I’m still working, although I’ve been thinking about whether I should move into a different role so the team that depends on me gets the support they need and deserve this year. Last year, I had a lot of great people step in and help carry the load. This year, some of those people have moved on, so I’m looking at what makes the most sense.

Beyond that, I leave work around 4:30 most afternoons, drag some form of exercise equipment out into the Texas sun and humidity, and do my very best to nearly kill myself with a CrossFit-style workout.

There are a couple reasons for that.

The first is that I want my fitness as high as possible for whatever comes next. I know exercise and sunshine can’t kill cancer, but if I can get my cardiovascular fitness up, my VO2 max up, my heart rate variability up, my strength up, my body fat down, and my overall health moving in the right direction, it stands to reason that I’ll be better prepared for whatever fight is ahead.

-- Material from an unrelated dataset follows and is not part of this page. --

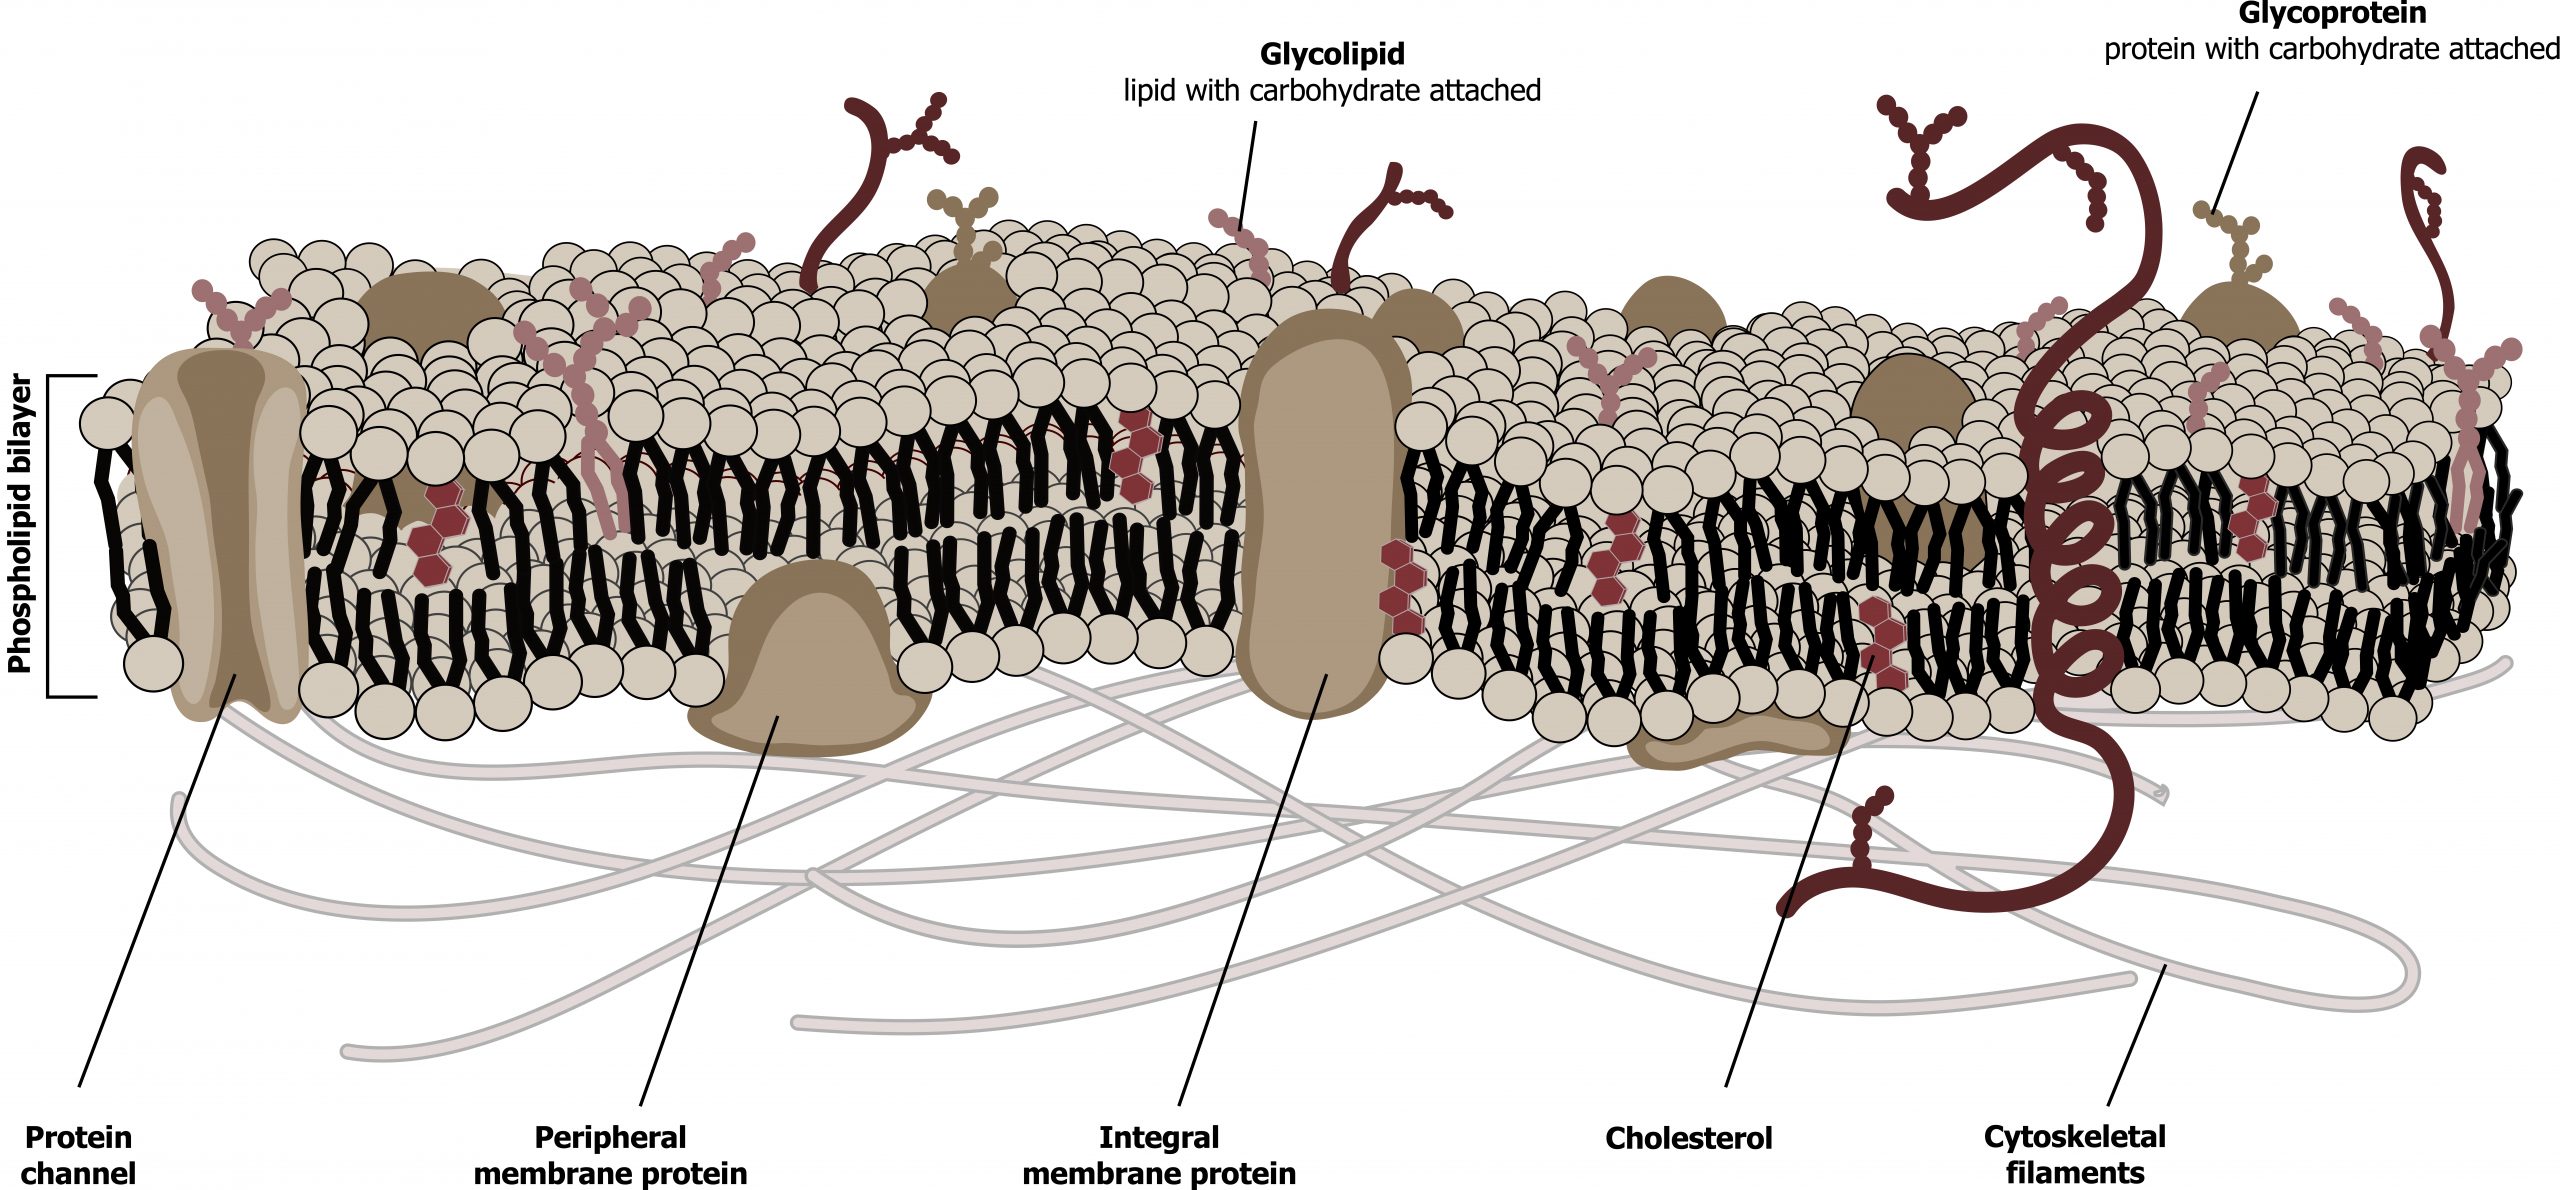 Plasma membrane is composed of the phospholipid bilayer with hydrophilic heads on the outside and hydrophobic tails on the inside. Cholesterol is bound between the phospholipids. Glycolipids, lipids with carbohydrates attached, and glycoproteins, proteins with carbohydrates attached, are bound to the extracellular side. Cytoskeletal filaments are bound to the intracellular side. There are transmembrane protein channels and integral membrane proteins and peripheral membrane proteins within the plasma membrane.
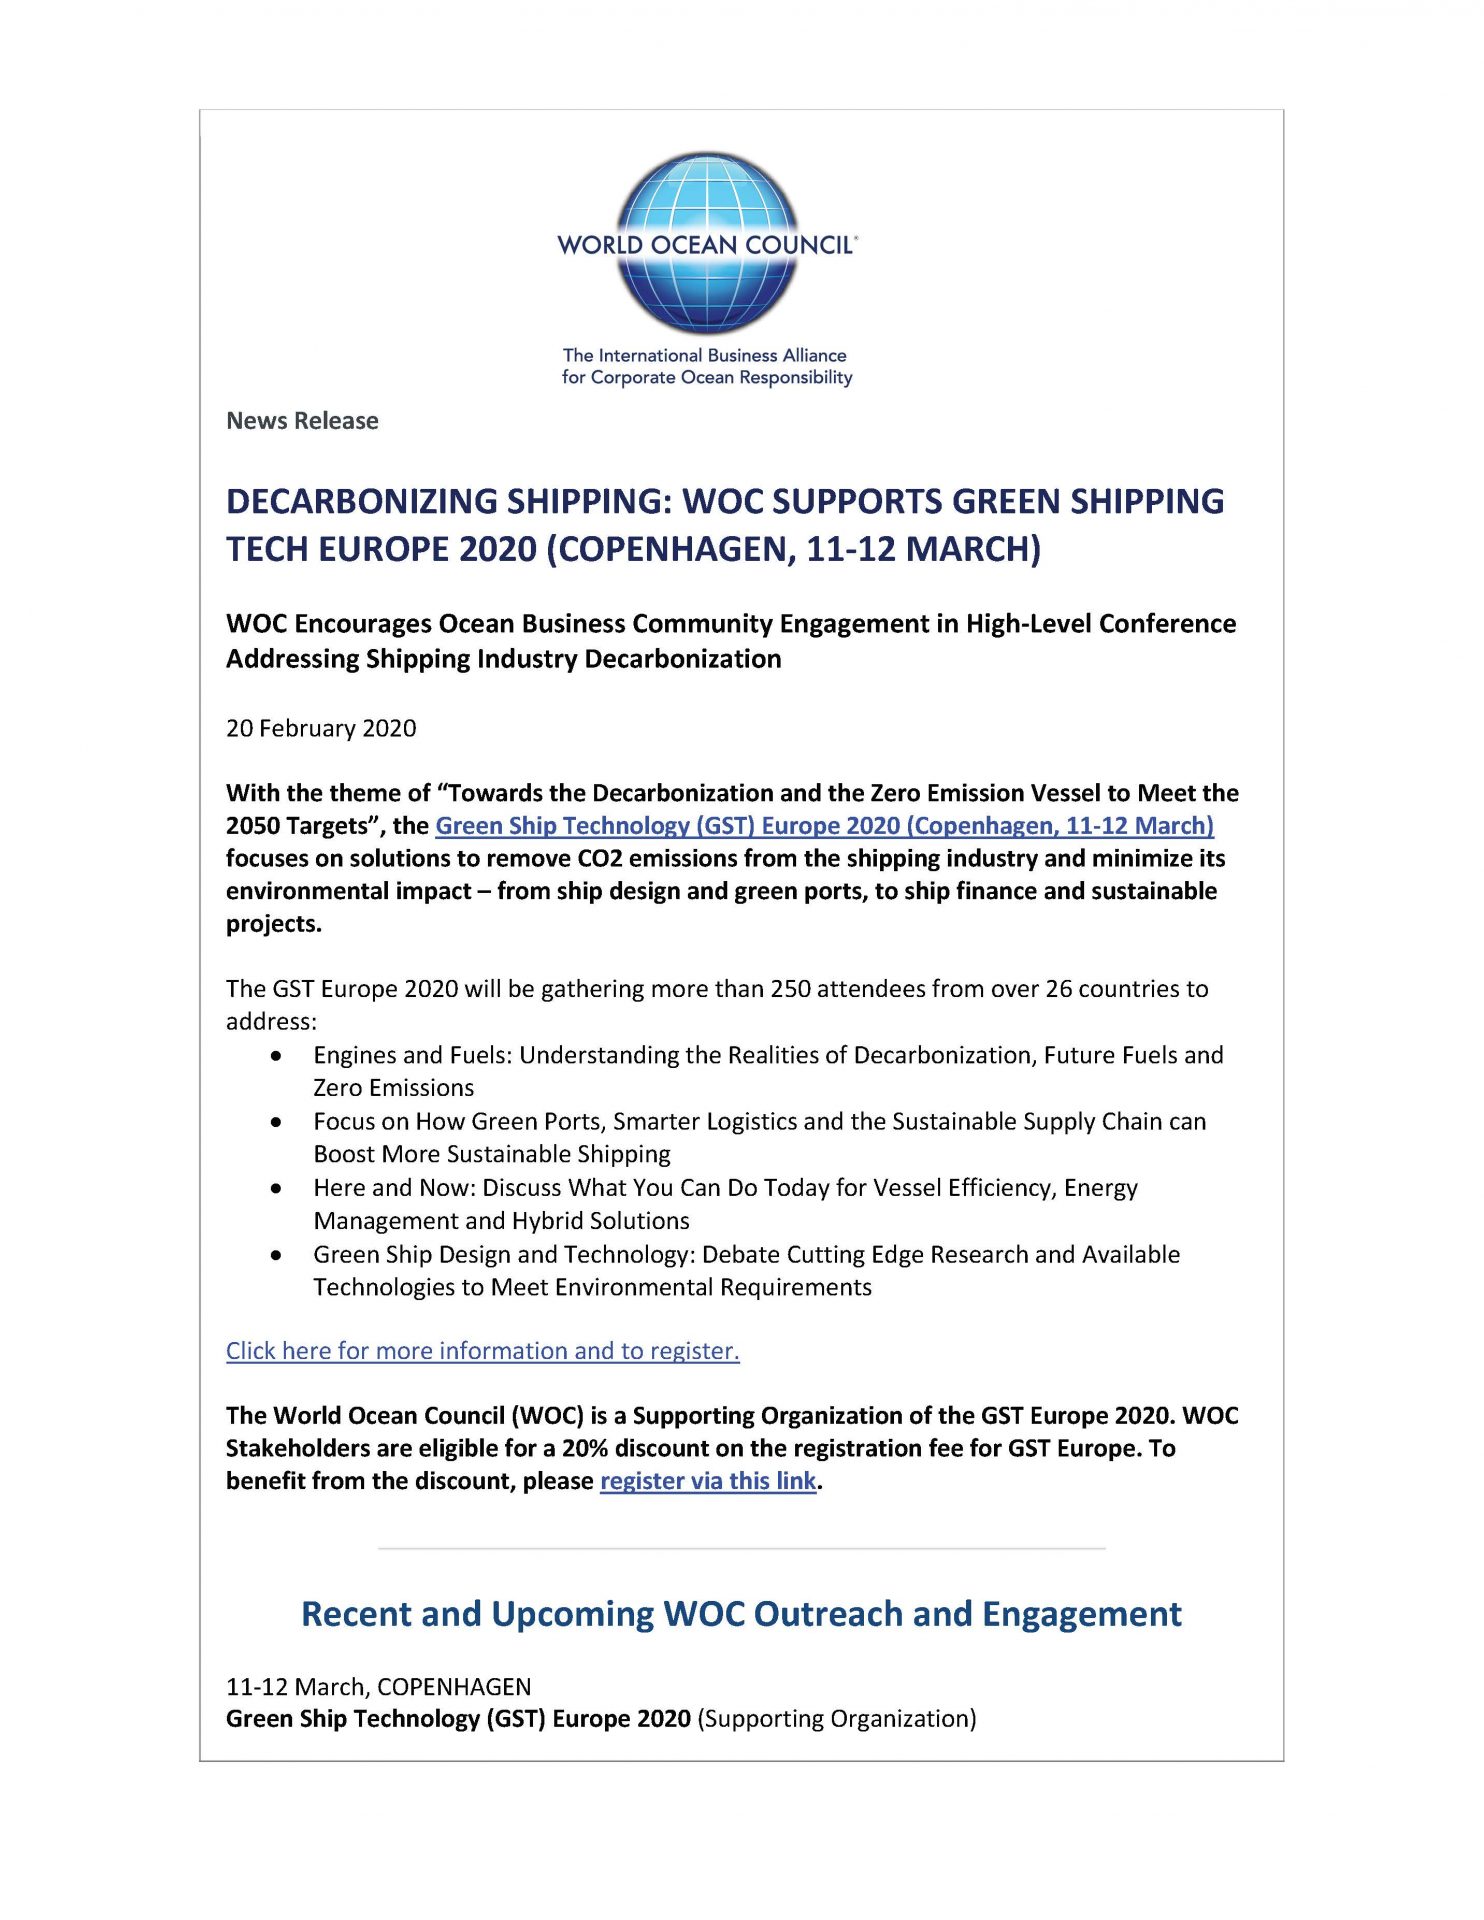 Decarbonizing Shipping: WOC Supports Green Shipping Tech Europe 2020 (Copenhagen, 11-12 March) - 20 February 2020

At least that’s what I tell myself every time I’m lying on the ground in the middle of a workout, questioning my life choices while a little voice in my head screams, “Get up. Do another rep.”

So far, so good.

We’ll see.

The other thing exercise does is flood the brain with enough endorphins to make it really difficult to throw yourself a pity party for very long.

The workouts have been difficult, but I find myself grateful to God that I can still do them reasonably well.

There’s also something oddly satisfying about choosing to suffer on purpose for an hour. Cancer may get a vote in what happens next, but every afternoon I still get to choose to walk out into that heat and do something hard.

Regardless of what my Whoop app thinks about the situation.

For now, there isn’t much more to talk about.

I’m eating well. I avoid Diet Coke and processed foods most of the time. Tugboat still wants very little to do with me unless I am actively providing him with something of value.

Otherwise, I’m pretty sure he’d lock me in a closet with the vacuum cleaner.

If he weren’t terrified of the vacuum cleaner himself.

They say dogs can smell illness in the body. Since he doesn’t seem to be acting any more concerned than usual—and by “concerned” I mean being his normal level of jerk—maybe things are trending in the right direction.

If he could talk, I wonder what he’d tell me.

Actually, that’s not true.

I know exactly what he’d tell me.

“GIVE ME A DAMN PUP CUP AND GO AWAY.”

Oh well.

For now, it’s off to bed.

Tomorrow will get here whether I’m ready for it or not.

And if there’s one thing I’ve learned through all of this, it’s that worrying about tomorrow has never once made tomorrow easier.

So I’ll deal with it when it gets here.

Tonight, sleep sounds like a much better plan.